Information provided ▸
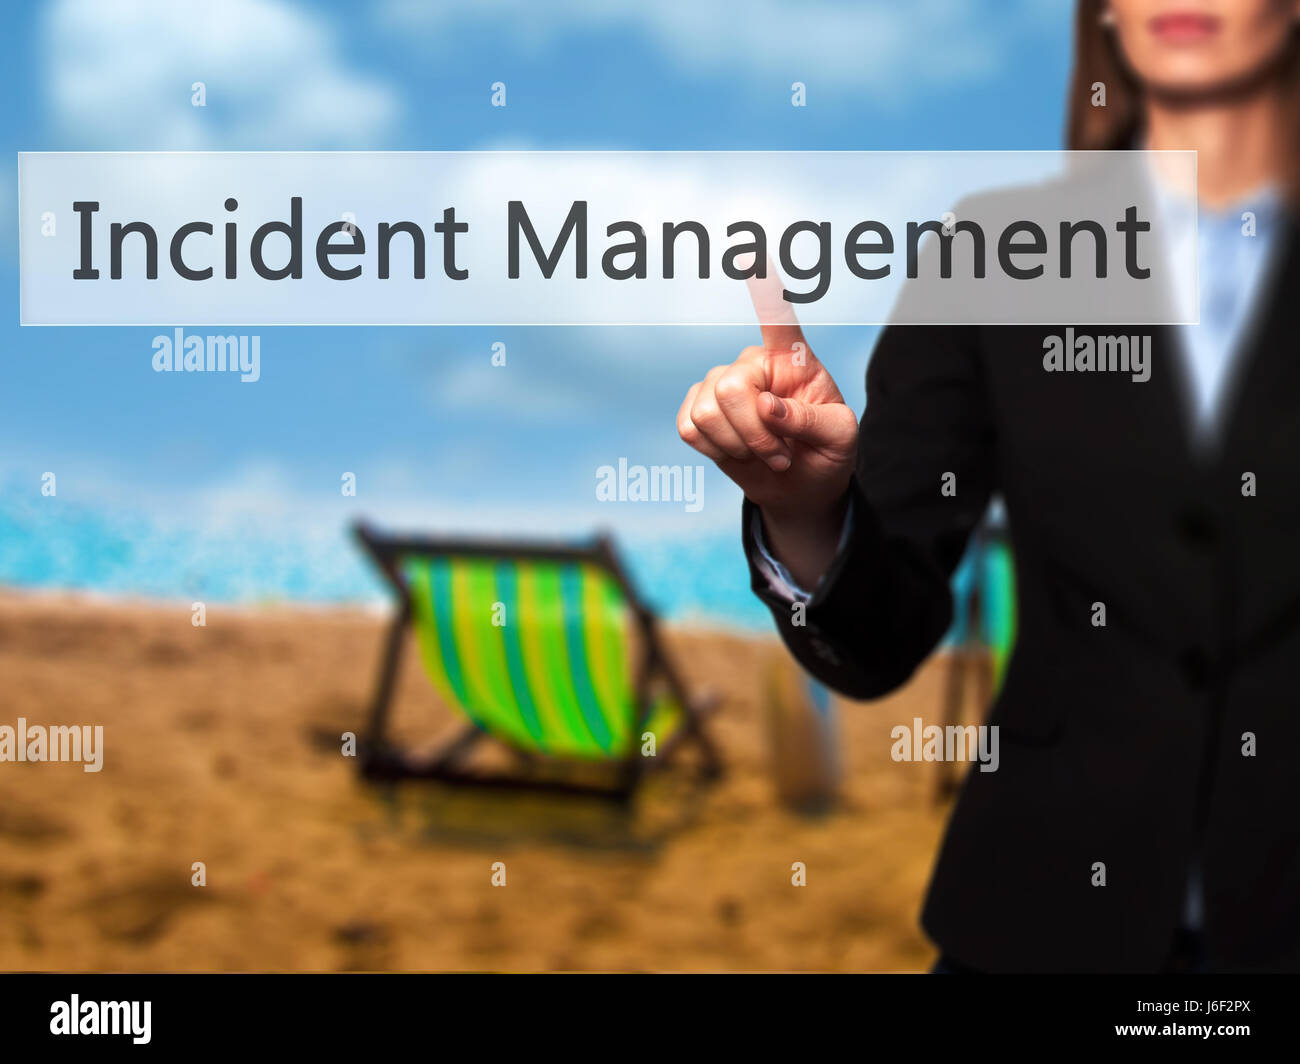 Incident Management - Imprenditrice mano premendo il pulsante sul touch screen interfaccia. Business, tecnologia internet concetto. Stock Photo Foto Stock
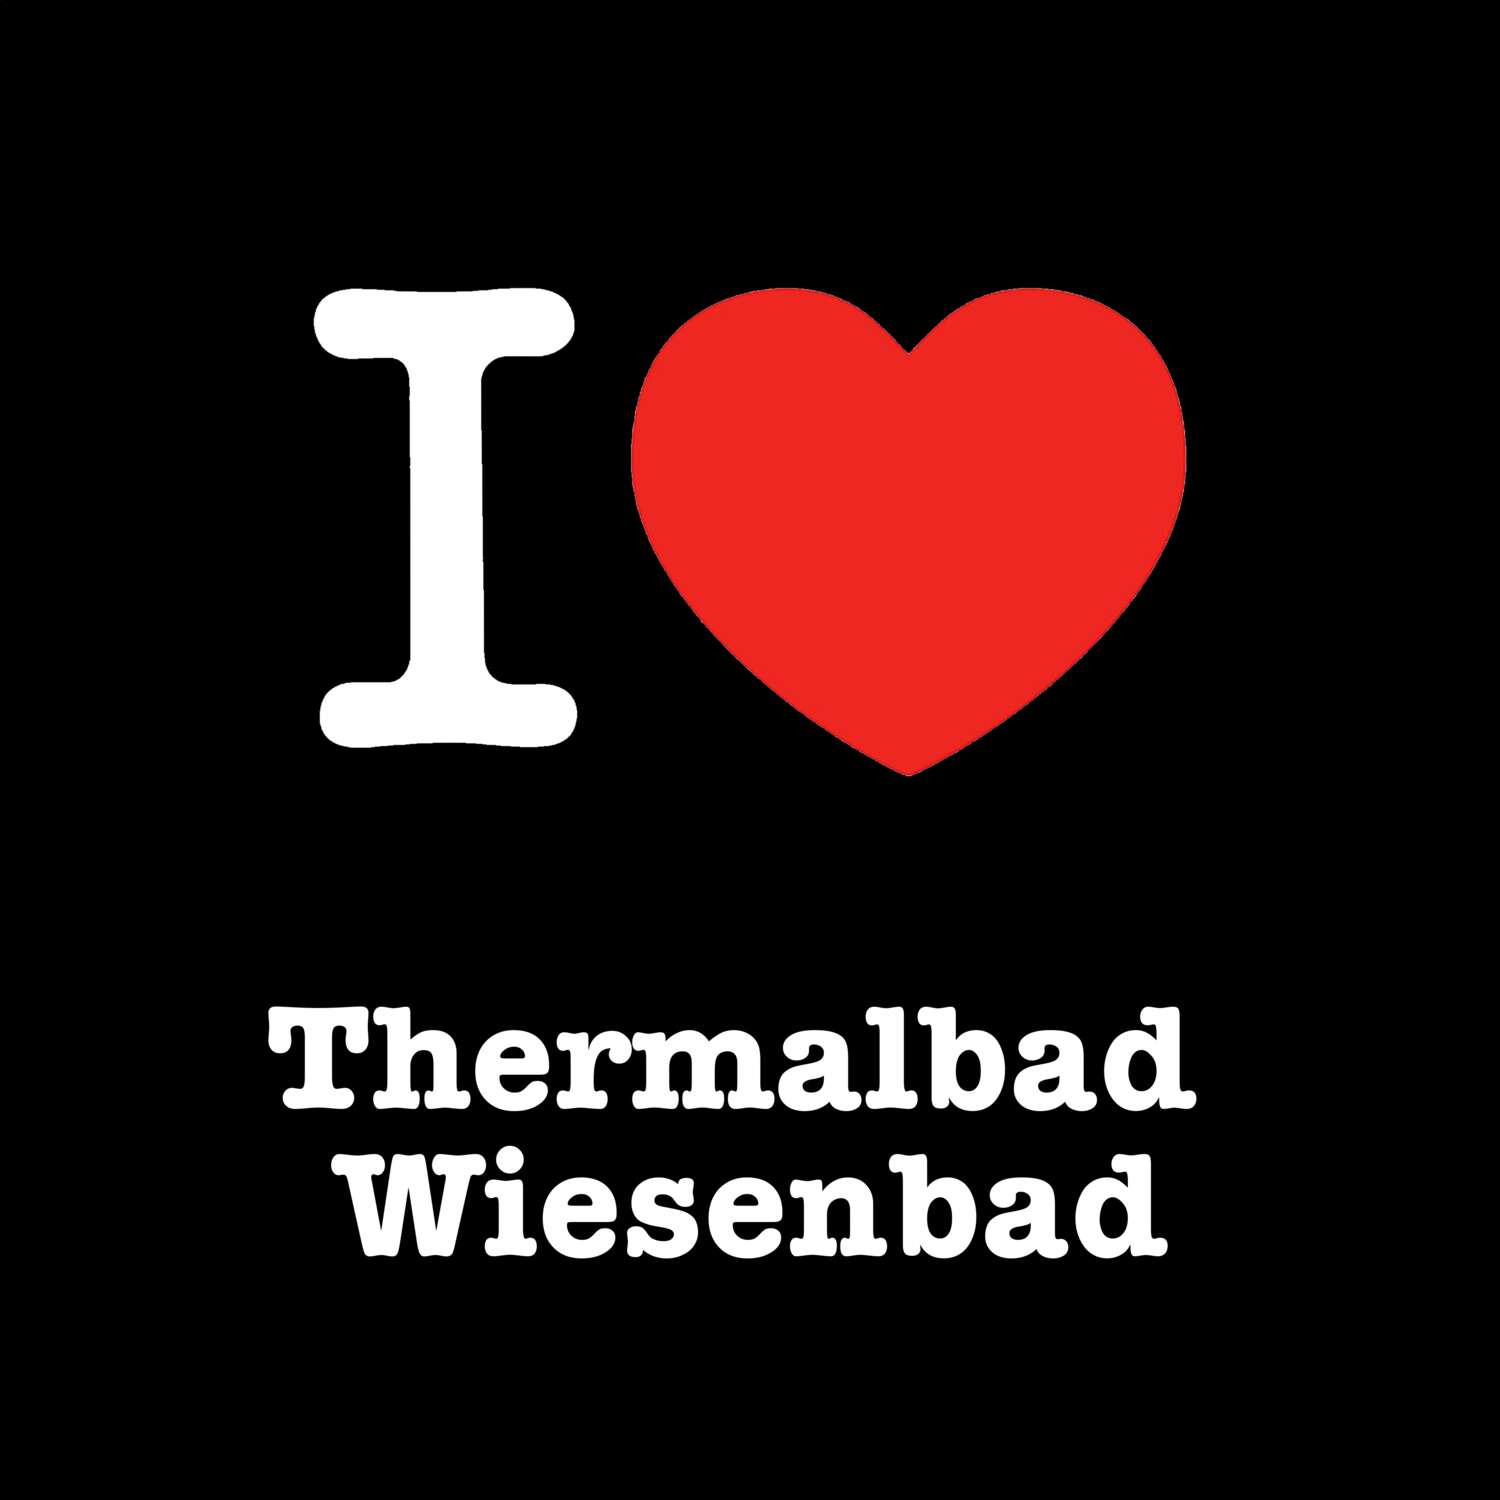 Thermalbad Wiesenbad T-Shirt »I love«
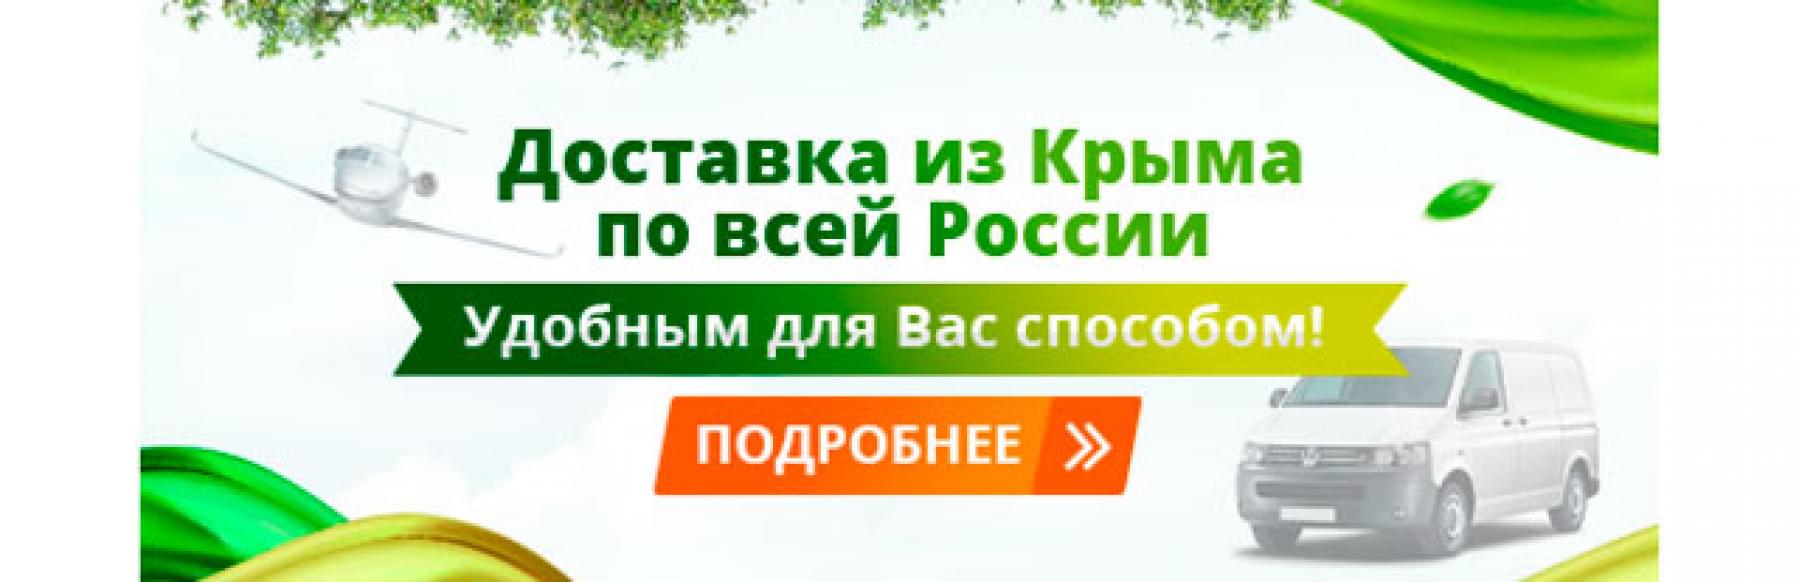 Крымская Косметика Интернет Магазин Москва Официальный Сайт

Activity ▸
Word for word, restate every line of the listing, omitting the pictures.

Solution to the problem ▸
 Incident Management - Imprenditrice mano premendo il pulsante sul touch screen interfaccia. Business, tecnologia internet concetto. Stock Photo Foto Stock
 Thermalbad Wiesenbad T-Shirt »I love«
 Крымская Косметика Интернет Магазин Москва Официальный Сайт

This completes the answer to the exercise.